In India, LGBT people in the food business may be less open, and this regressive ruling might force them to be even more discreet. Yet there have always been lots of LGBT people involved in Indian food, like a well-known food writer who multiple reliable sources have told me was gay, but since he lived well before the relative openness of recent years, never really came out. One of the first really stylish small restaurants I encountered in Bangalore was run by a gay couple and a lesbian chef runs some of the best restaurants in the country. I haven’t been to Salem in a while, but if I do go, I’ll make sure to eat at the Menmai Arusuvai Idli Kadai which has been set up by a transgender community group and has been such a hit they plan to start a chain.

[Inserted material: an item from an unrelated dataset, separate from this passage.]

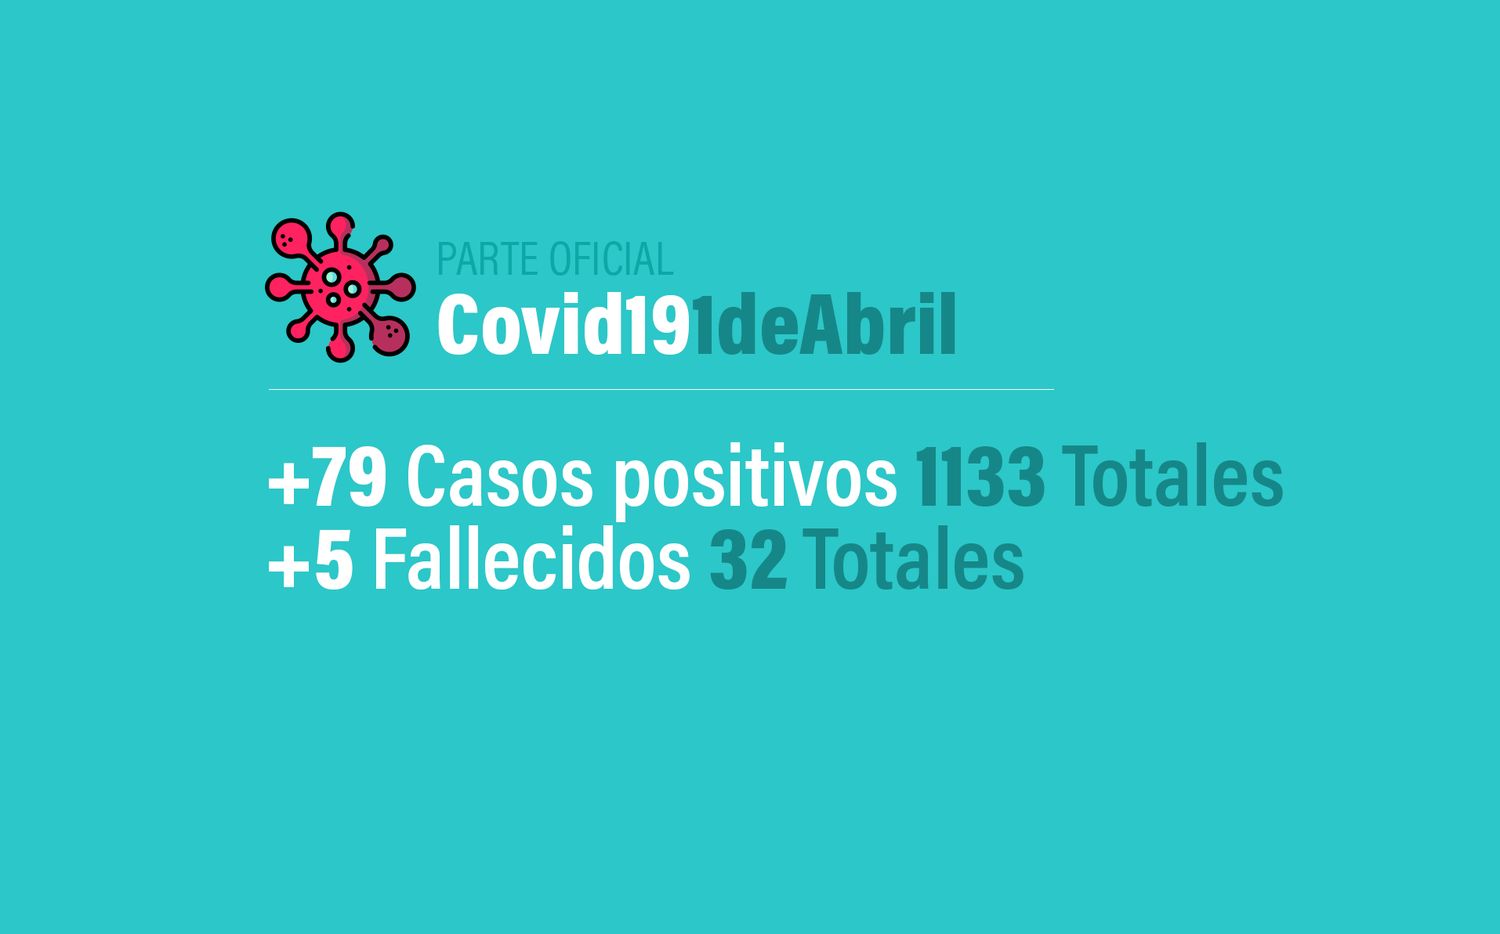 Coronavirus en Argentina: 79 nuevos casos, 1133 infectados y 32 muertos en total, al 1 de abril

Lathika George, in her book The Suriani Kitchen, writes about Missy, an Anglo-Indian lady famous in the Syrian-Christian community in Kerala in the 1940s for her cooking skills. She travelled, teaching how to make her delicacies and usually stayed in the local convent, since she was a devout Christian. One night when she didn’t respond to knocking at her door, a young nun peeped through the keyhole and “spied Missy hurriedly pulling a dress over her head, turning then to reveal she was actually a man.” What happened to Missy isn’t told, but her memory survives in her recipes which George passes on, like for instance Molaga Chertha Mooriyerchi Chops, steaks marinated in tamarind, jaggery and pepper.
Since many LGBT people live with families and can’t bring partners or friends home, restaurants and cafes become particularly important as places to meet. The Gaybombay support group started off 14 years back with a group of men meeting informally in McDonald’s, which had just opened in the city. It wasn’t the fast food that was the attraction, but the fact that it was cheap, easy to access and even had a nice family vibe, that mattered for a group that wanted to show that being gay wasn’t something sleazy, but just as regular as anything else.
Over the years, many restaurants, cafes and bars have hosted LGBT meetings – United Coffee House in Delhi was one of the very first – and it was heartening to hear how one Mumbai bar, after the Supreme Court decision, waived some charges that a LGBT group owed them for the event as a sign of support. Another supportive brand was Amul which did a congratulatory hoarding after the positive Delhi High Court ruling in 2009 and a commiserating one now. But as always for LGBT people, it’s the food cooked and eaten at home that has been the most important. ‘Feeding Lesbigay Families’ is a fascinating study by Christopher Carrington that studies food interactions of gay and lesbian couples in the US to show not just how similar they are to straight couples, but also to illuminate aspects of straight relationships, like the often unexpressed inequalities in food shopping, cooking and consumption. And at the start of the essay he quotes an epigram he found in the kitchen of a lesbian family: “Life’s riches other rooms adorn. But in a kitchen, home is born.”